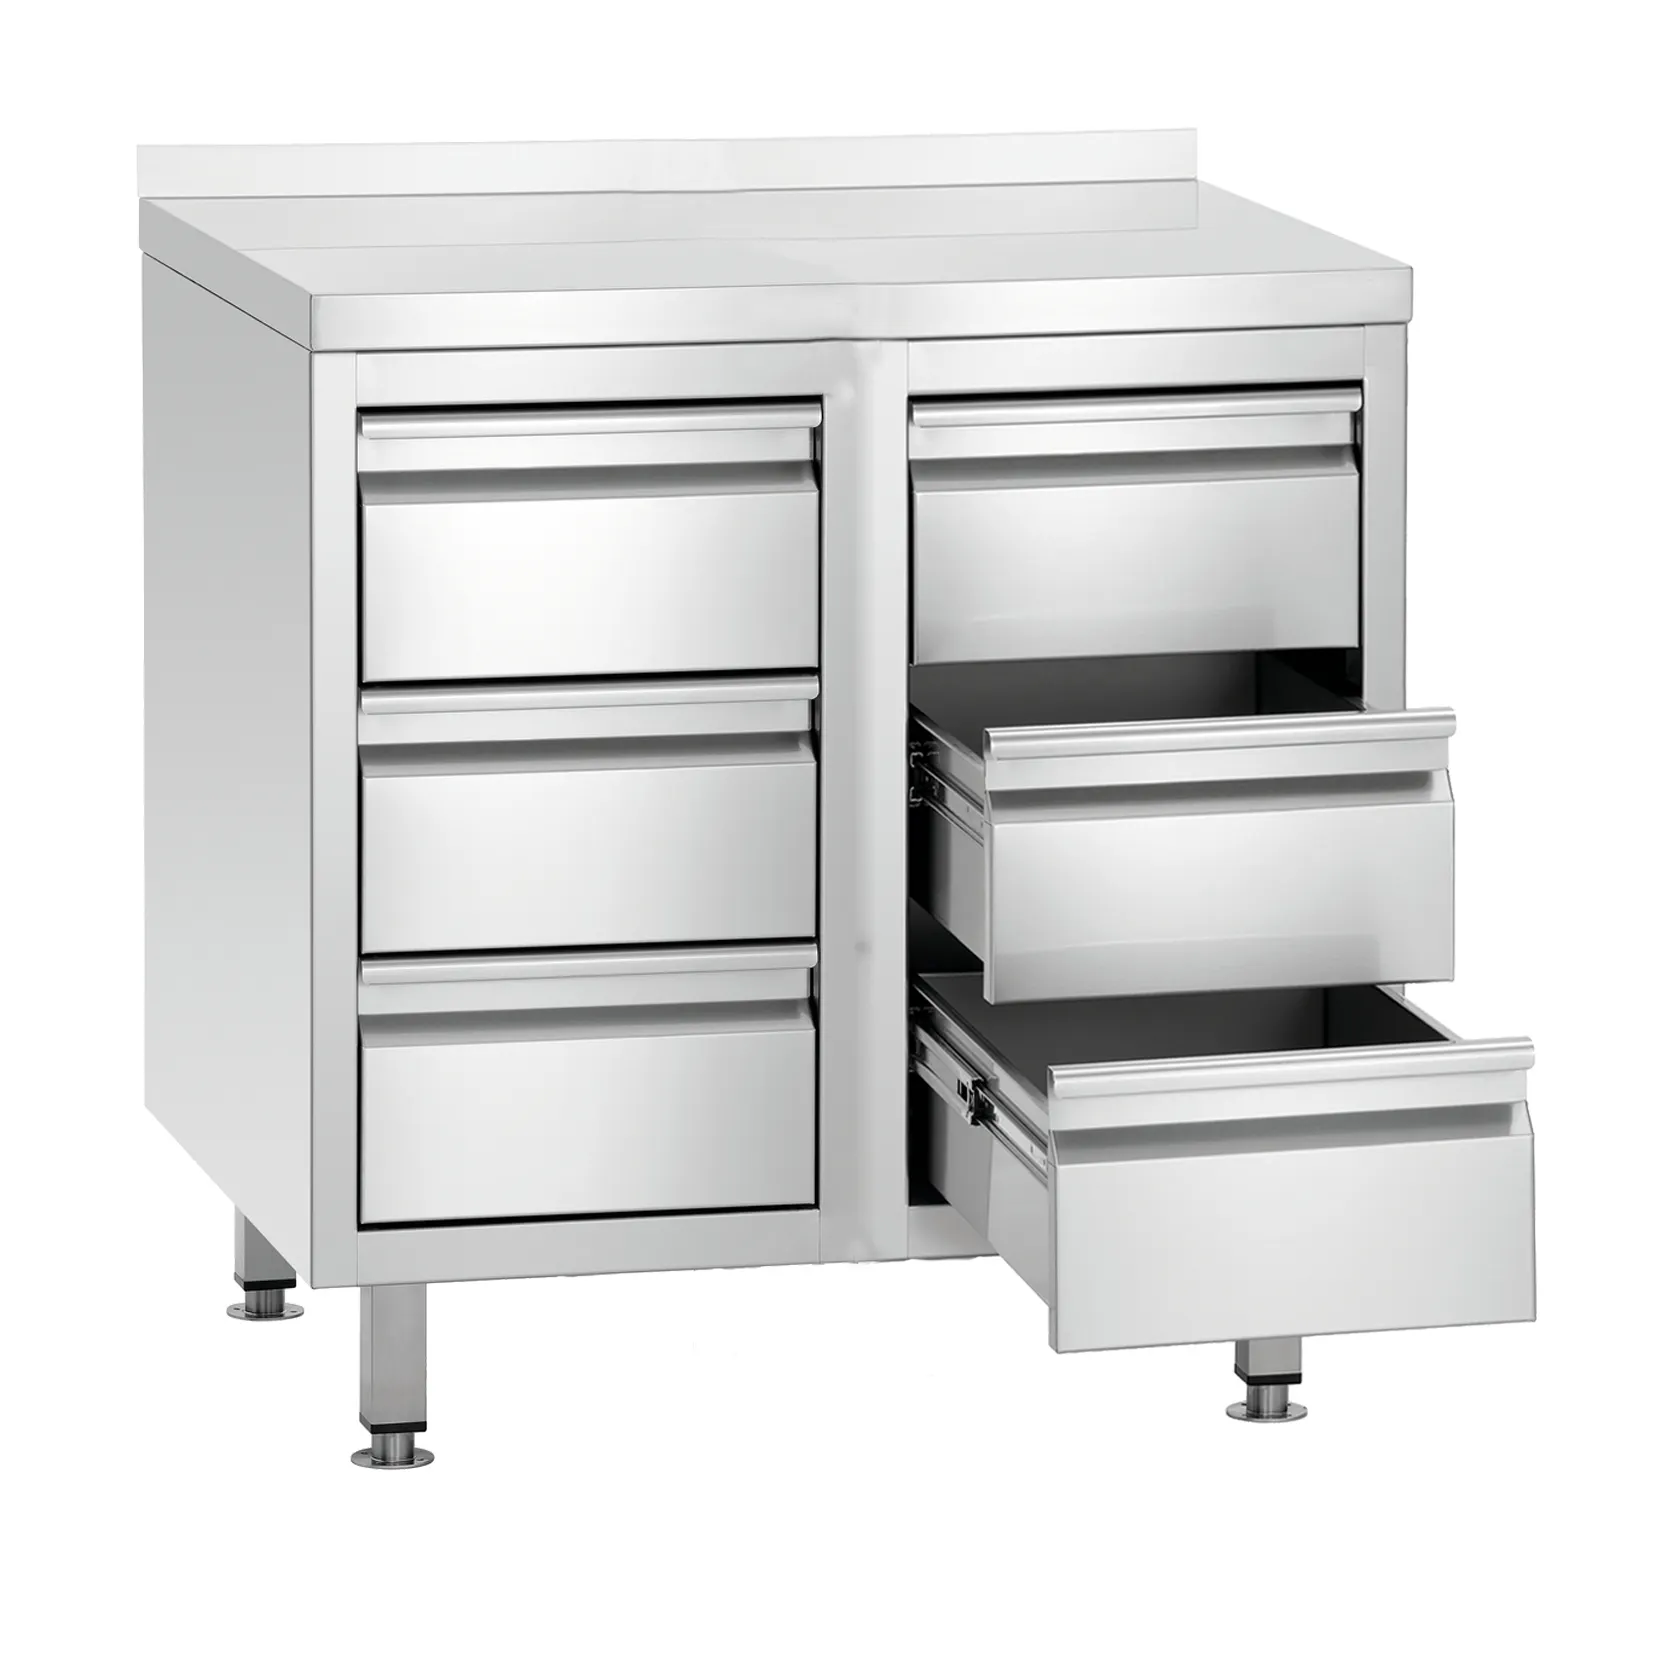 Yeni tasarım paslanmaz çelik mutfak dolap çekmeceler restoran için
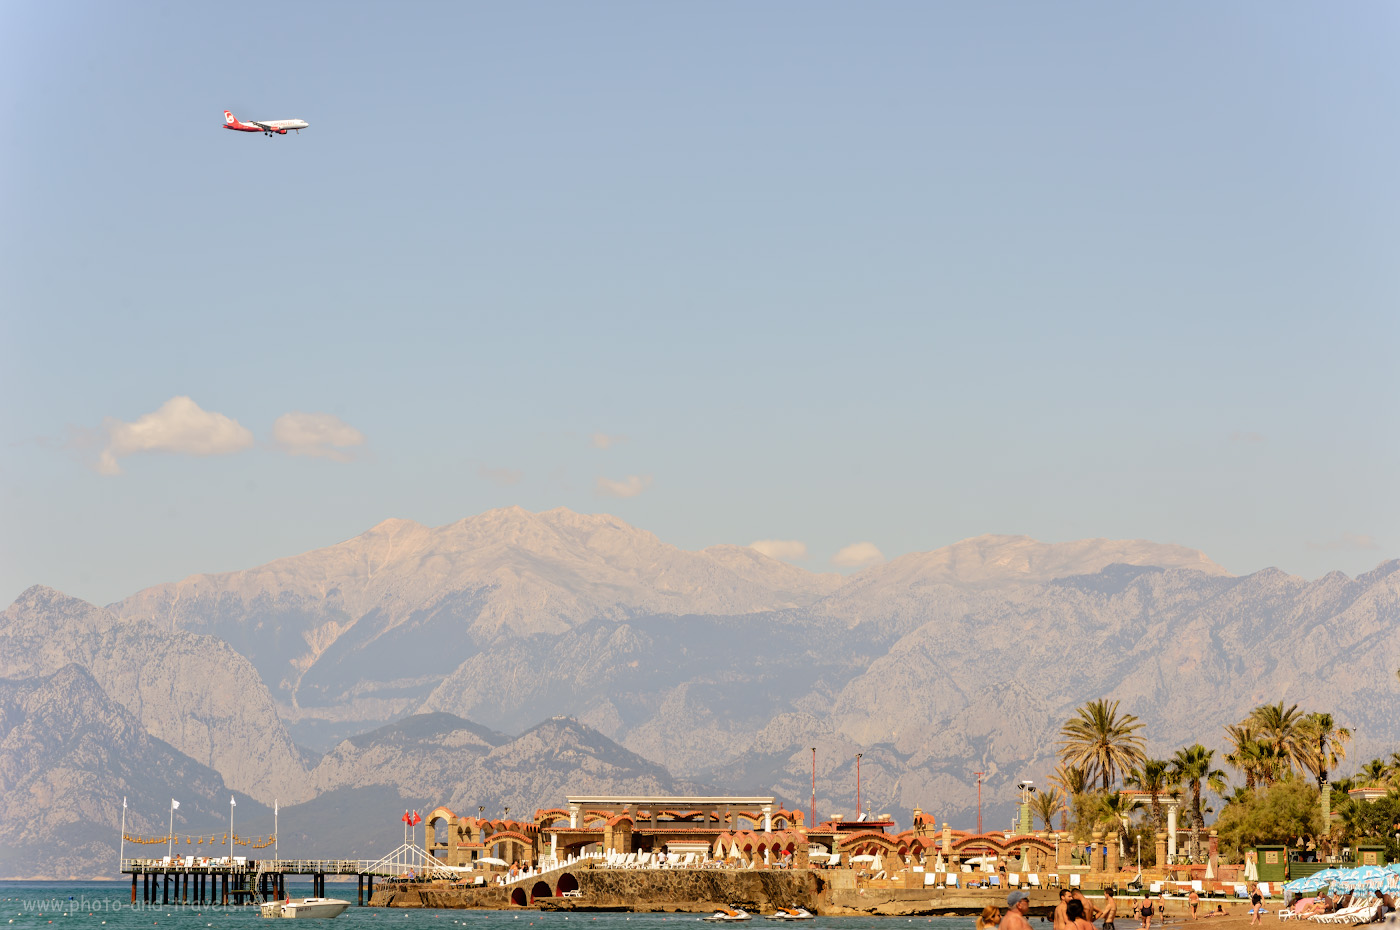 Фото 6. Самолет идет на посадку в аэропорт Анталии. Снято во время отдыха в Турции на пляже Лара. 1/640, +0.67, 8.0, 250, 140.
···
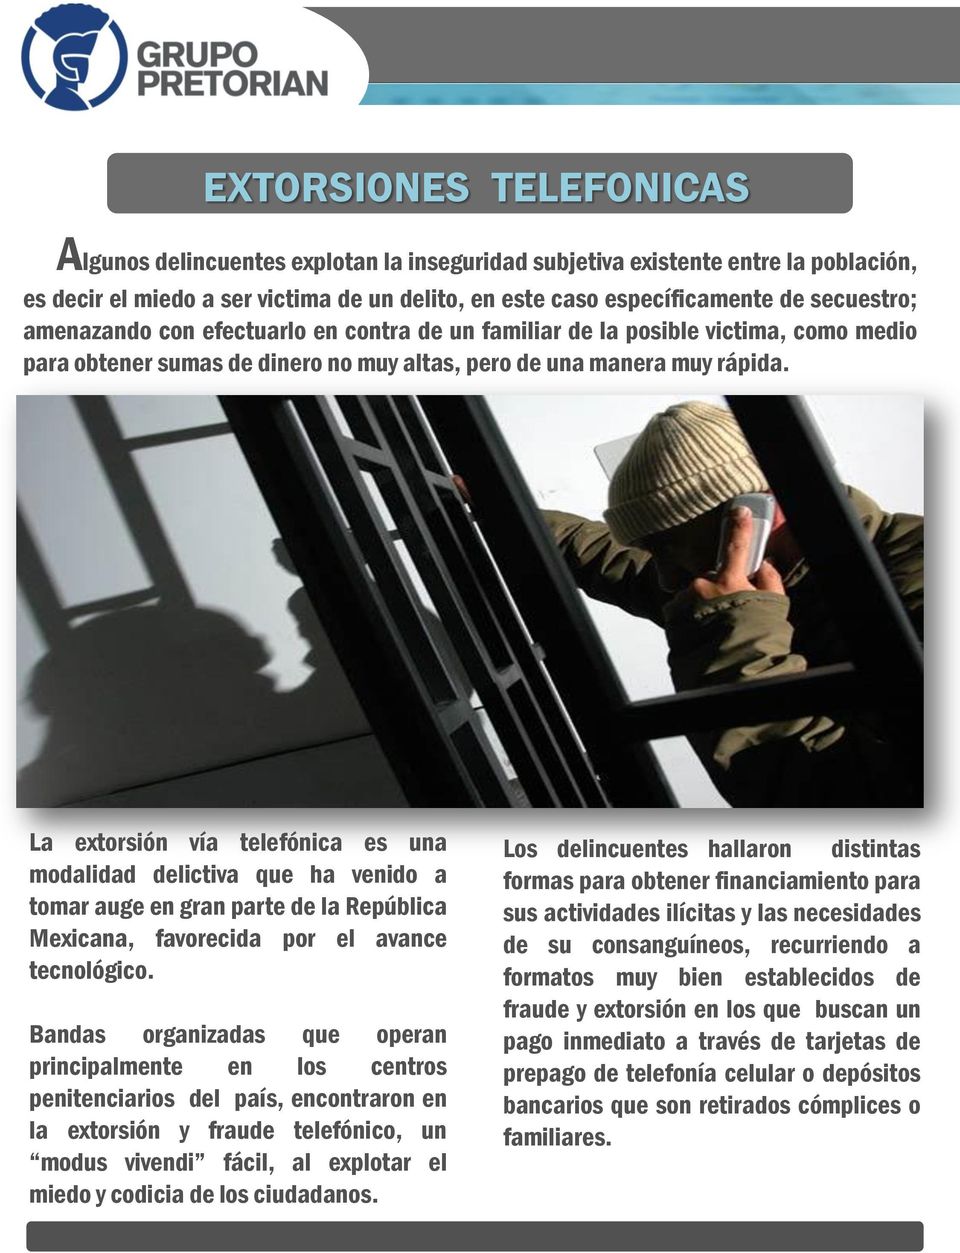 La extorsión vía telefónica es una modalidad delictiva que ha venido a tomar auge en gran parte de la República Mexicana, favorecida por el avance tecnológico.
···
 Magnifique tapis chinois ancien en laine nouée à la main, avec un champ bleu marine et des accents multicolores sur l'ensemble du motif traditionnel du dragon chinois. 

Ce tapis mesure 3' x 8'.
···
- EXERCISE
Using the data above, extract exactly the lines from the one that holds "Magnifique tapis chinois" to the one that holds "Ce tapis mesure 3' x 8'.", both ends included, and no others.

- RESPONSE TO THIS EXERCISE
 Magnifique tapis chinois ancien en laine nouée à la main, avec un champ bleu marine et des accents multicolores sur l'ensemble du motif traditionnel du dragon chinois. 

Ce tapis mesure 3' x 8'.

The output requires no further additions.